As data centres become the core of the AI economy, their greatest constraint is no longer compute, it’s power. For investors, founders, and operators in Southeast Asia, this convergence of artificial intelligence and energy presents both a bottleneck and a generational opportunity. This is our view from The Radical Fund: the next frontier of digital progress will come from climate-aligned infrastructure that fuses intelligence with power.

Over the following sections, we explore:

  • The challenge: How exponential data and compute demand are colliding with the physical limits of energy systems
  • The shift: Why efficiency alone is no longer enough, and how system-level innovation is reshaping the data centre model
  • The regional lens: Why Southeast Asia, with billions in FDI and a fast-digitising economy, is uniquely positioned to lead this transition
  • The opportunity: Where investors and founders can enable scalable solutions in cooling, compute, energy integration, and grid resilience

Digital abundance meets physical constraint

Artificial intelligence is redefining the boundaries of computation, data, and productivity. Yet behind every model, every query, and every algorithm sits a data centre consuming colossal amounts of power. Global data centre demand is projected to more than double by 2030, rivaling Japan’s total annual electricity use. The infrastructure built to enable the digital economy is colliding with the physical limits of energy systems that were designed for a different century.

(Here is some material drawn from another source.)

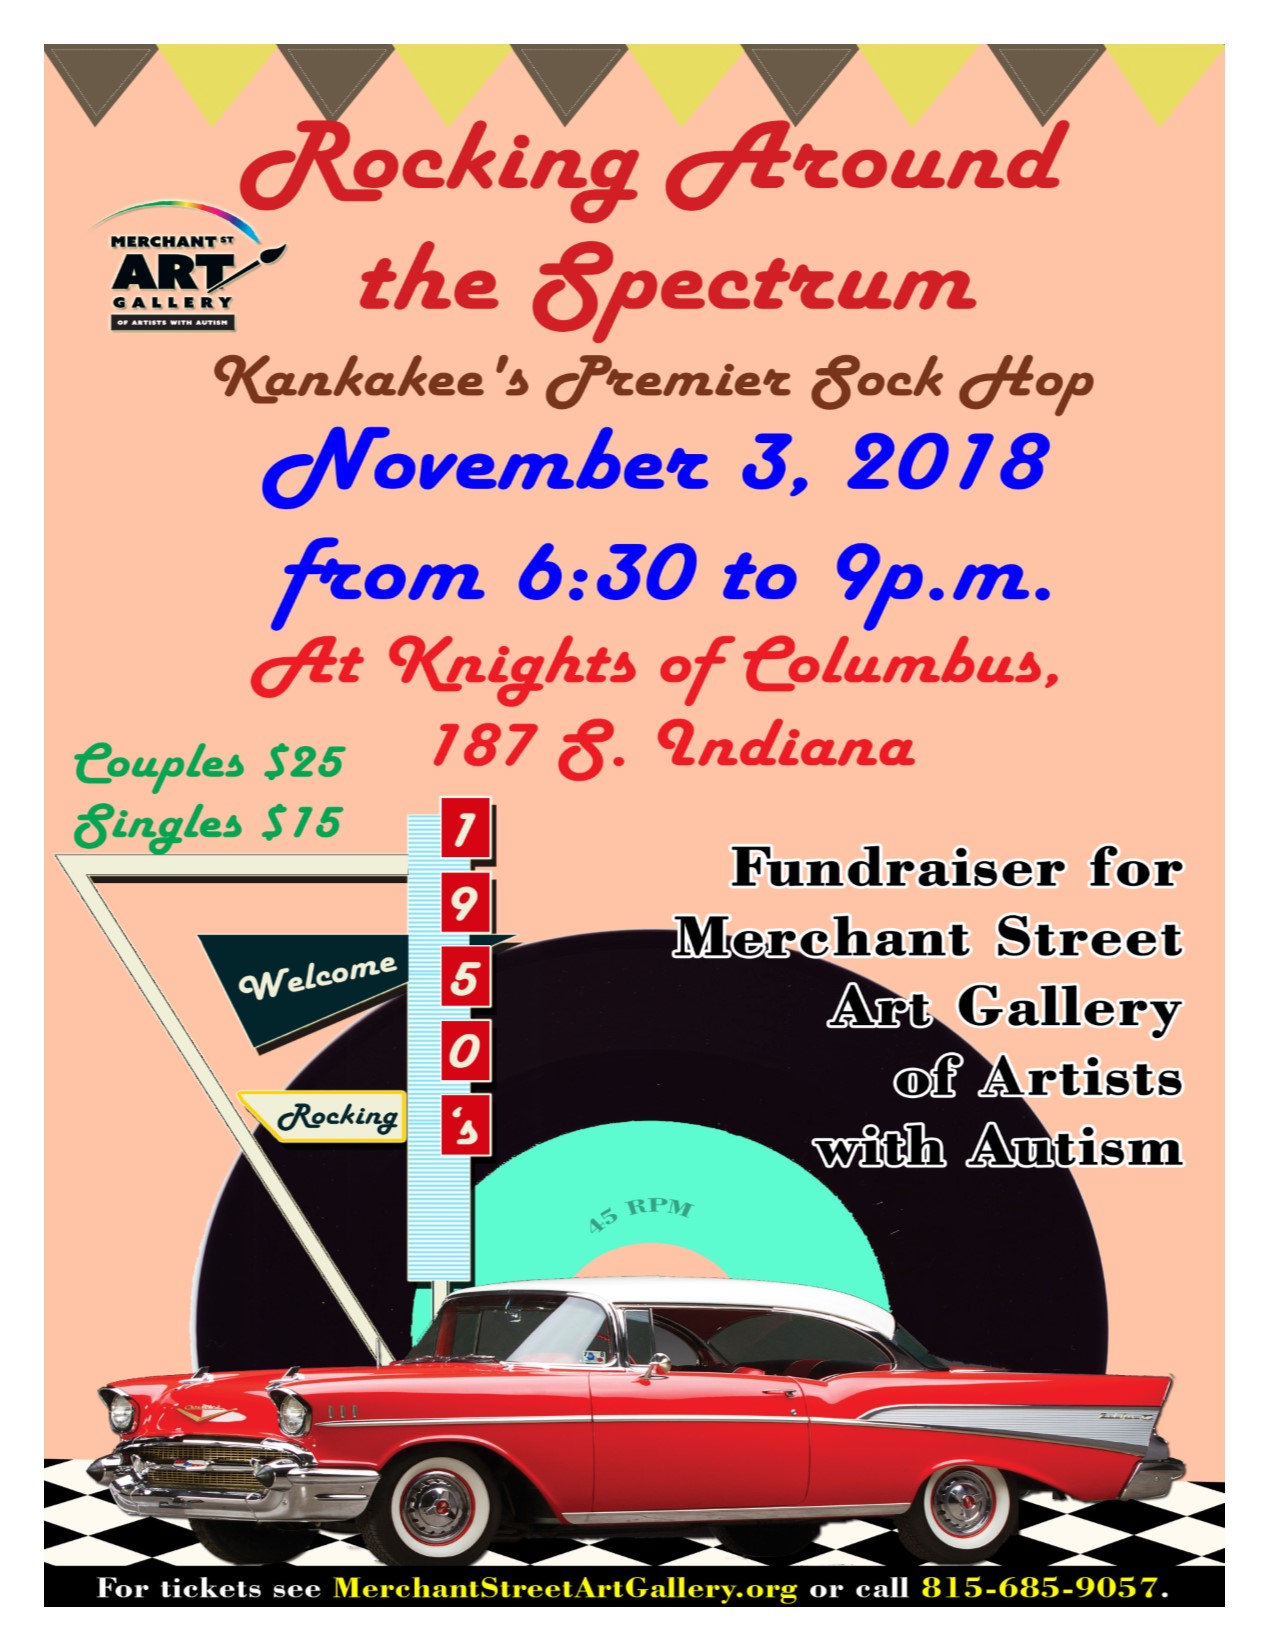 Rocking Around the Spectrum Kankakee’s Premier Sock Hop! Fundraiser for Merchant Street Art Gallery of Artists with Autism. You will have an opportunity to bid on many wonderful donations: baskets, Blue Man Group Tickets, White Sox Tickets, signed picture

Figure 1. Estimated global data centre capacity demand through 2030, showing the exponential rise of generative AI workloads. Global capacity is projected to grow at a 22 per cent compound annual rate, with AI-driven workloads expanding nearly 40 per cent annually. Source: McKinsey & Company, “AI Power 2024”.

Energy has become the new bottleneck of AI progress, the physical constraint in a digital race. Hyperscale facilities that power today’s cloud and AI workloads already account for roughly 1.5 per cent of global electricity consumption. This share is growing quickly as AI training and inference workloads multiply.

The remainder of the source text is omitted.